- [PROBLEM STATEMENT]
With the pictures left aside, write out exactly the lines of the listing below from the line with "Suavey Sutil Degradado" to the line with "Budynek mieszkalny jednorodzinny, z", both included, and only those.

- [SUPPLIED RECORDS]
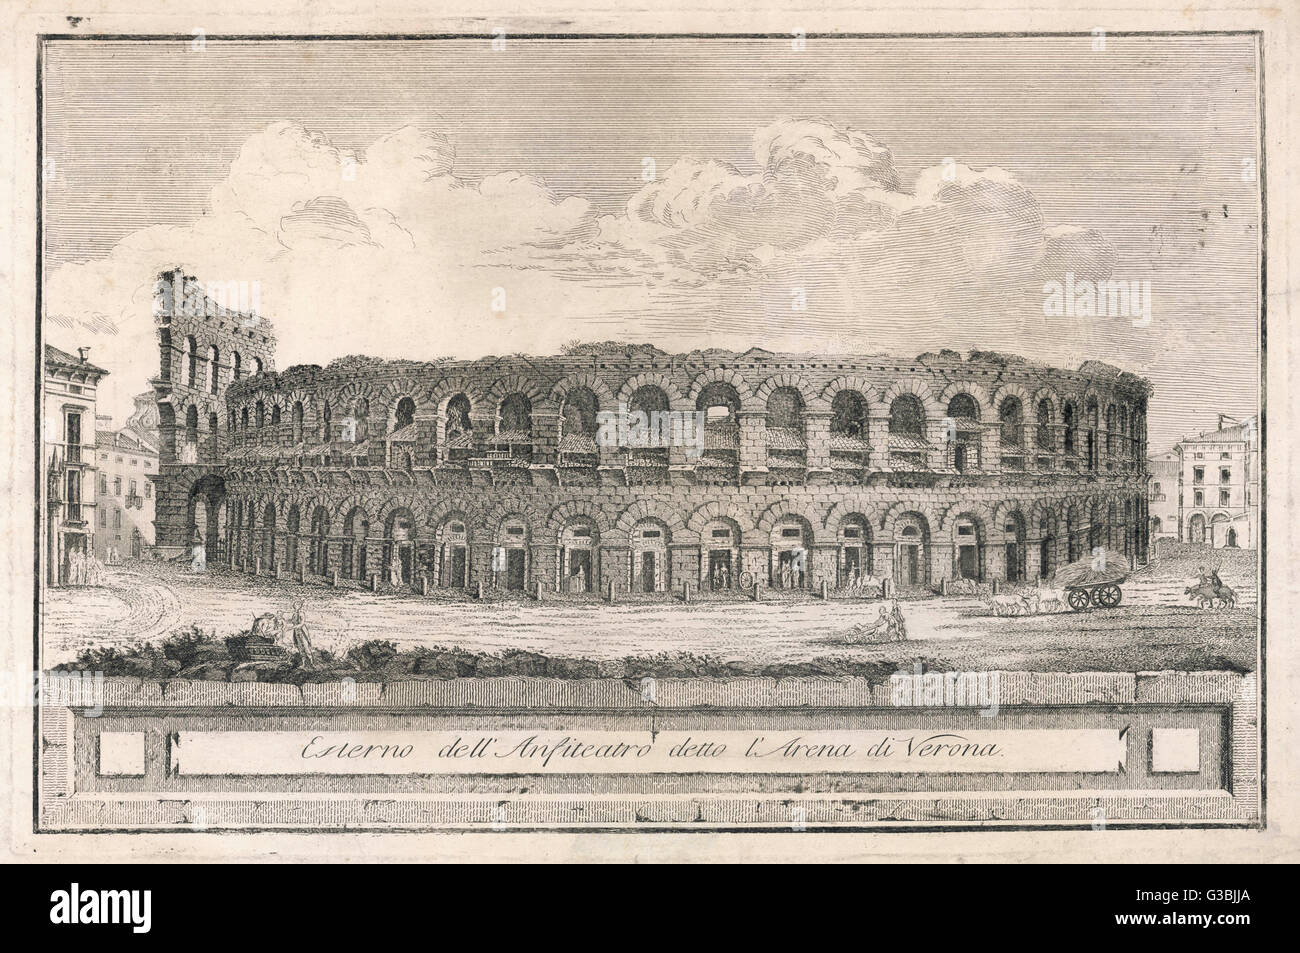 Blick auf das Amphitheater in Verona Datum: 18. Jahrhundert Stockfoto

* * *

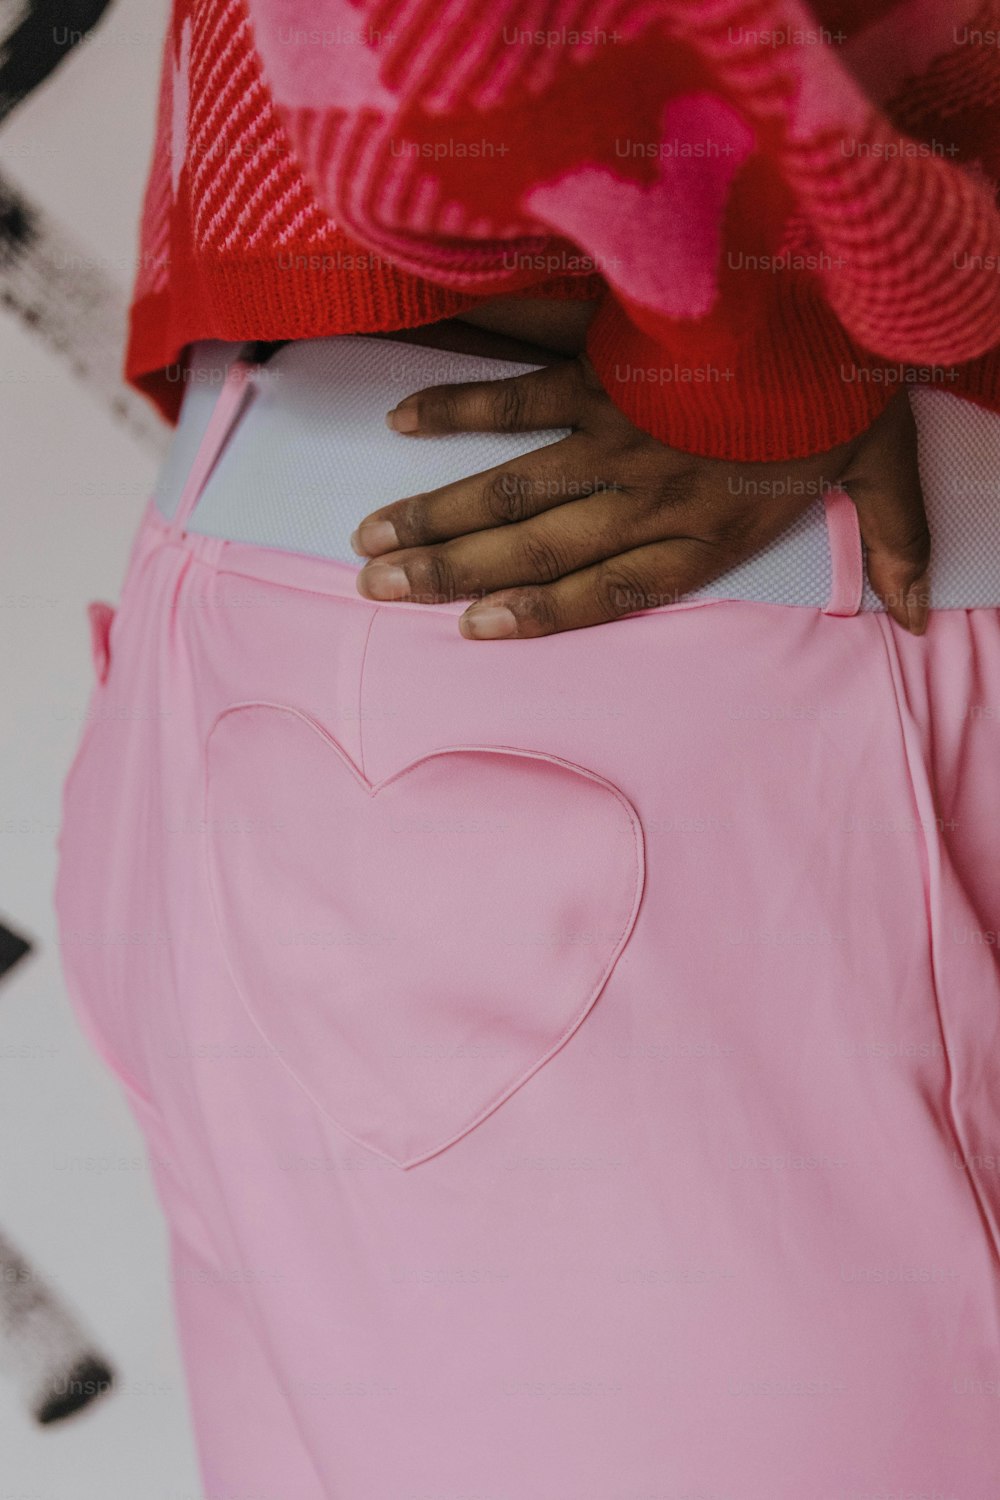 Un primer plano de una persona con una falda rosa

---

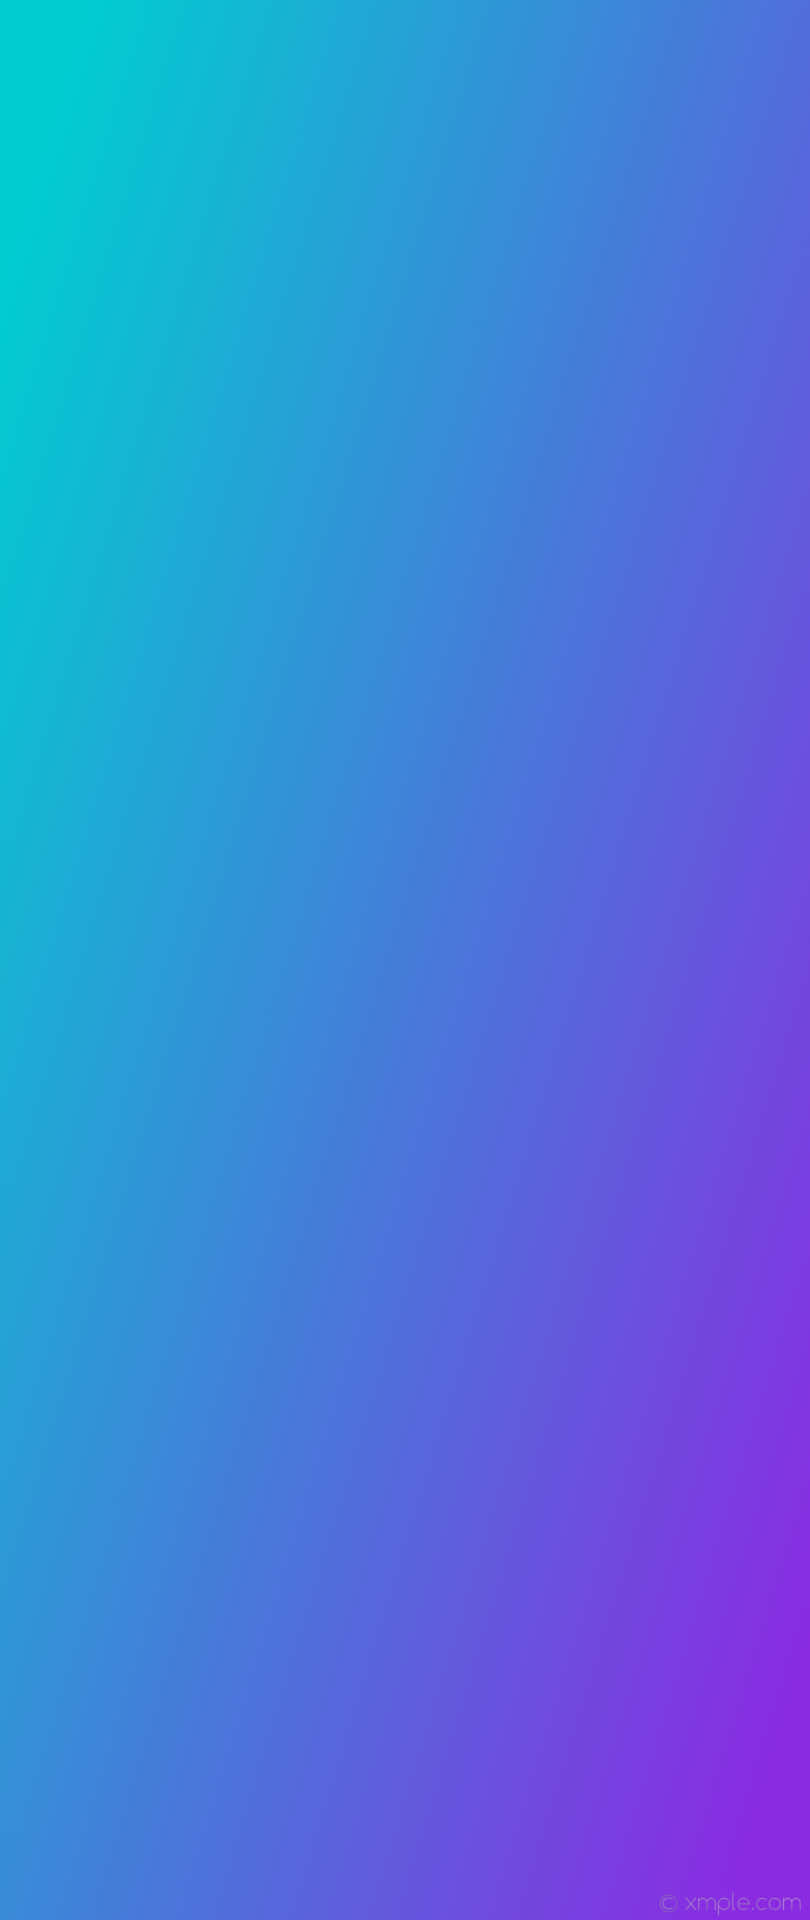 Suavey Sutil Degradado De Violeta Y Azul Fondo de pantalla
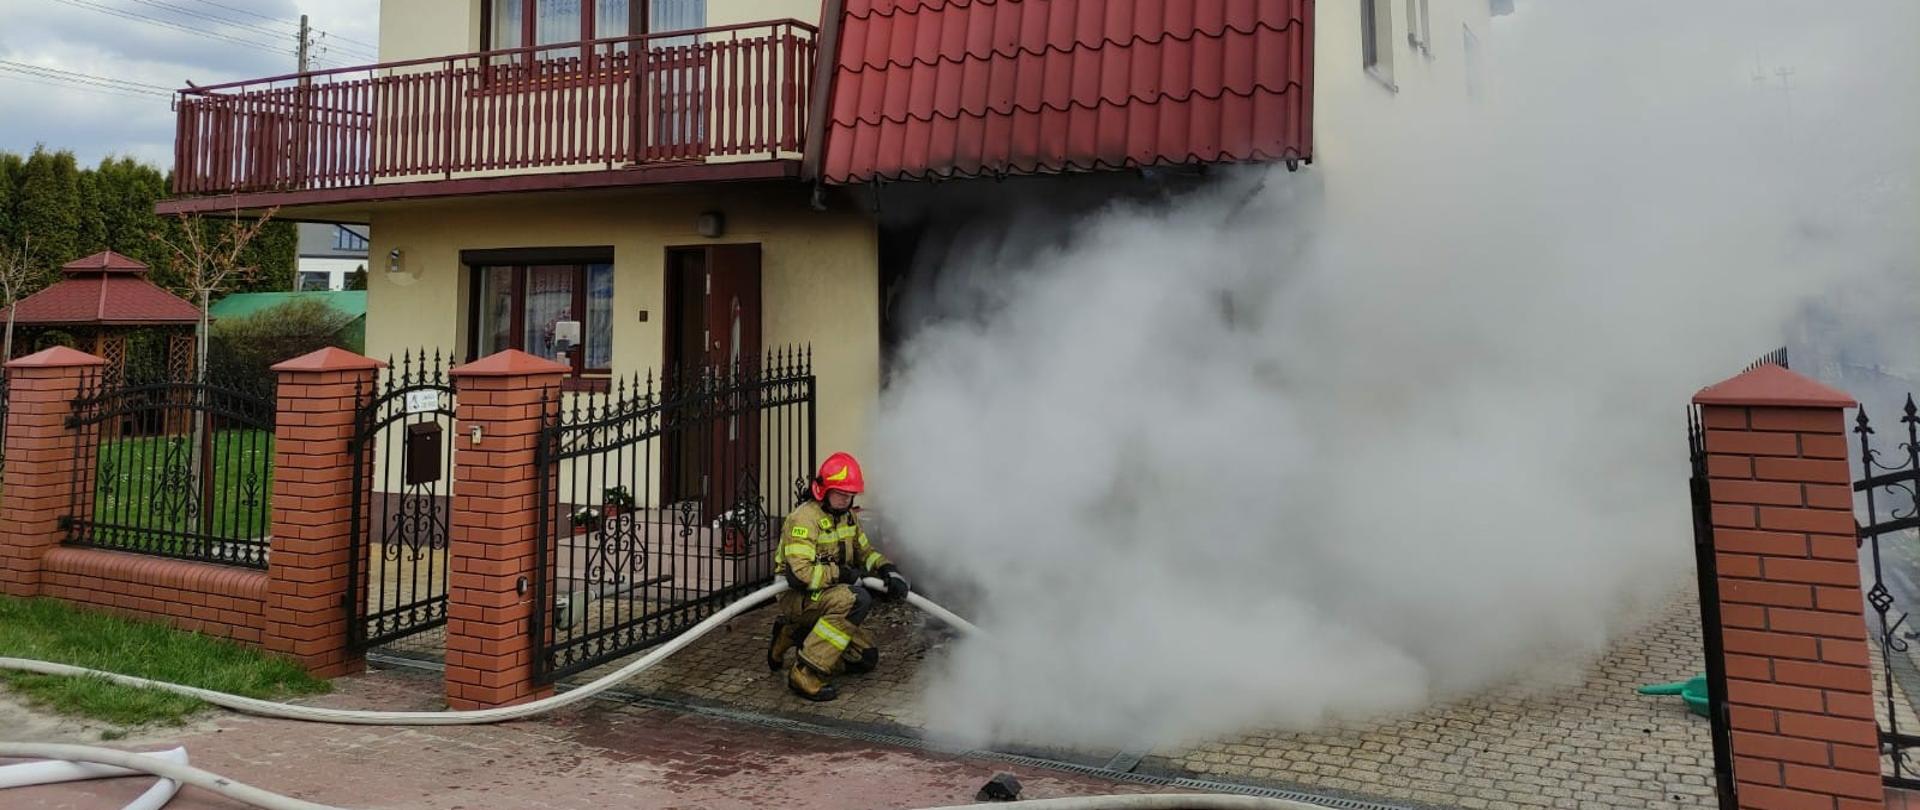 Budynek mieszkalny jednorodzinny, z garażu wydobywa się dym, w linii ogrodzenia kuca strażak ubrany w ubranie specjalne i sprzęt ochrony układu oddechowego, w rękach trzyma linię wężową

- [REPLY TO THE EXERCISE]
 Suavey Sutil Degradado De Violeta Y Azul Fondo de pantalla
 Budynek mieszkalny jednorodzinny, z garażu wydobywa się dym, w linii ogrodzenia kuca strażak ubrany w ubranie specjalne i sprzęt ochrony układu oddechowego, w rękach trzyma linię wężową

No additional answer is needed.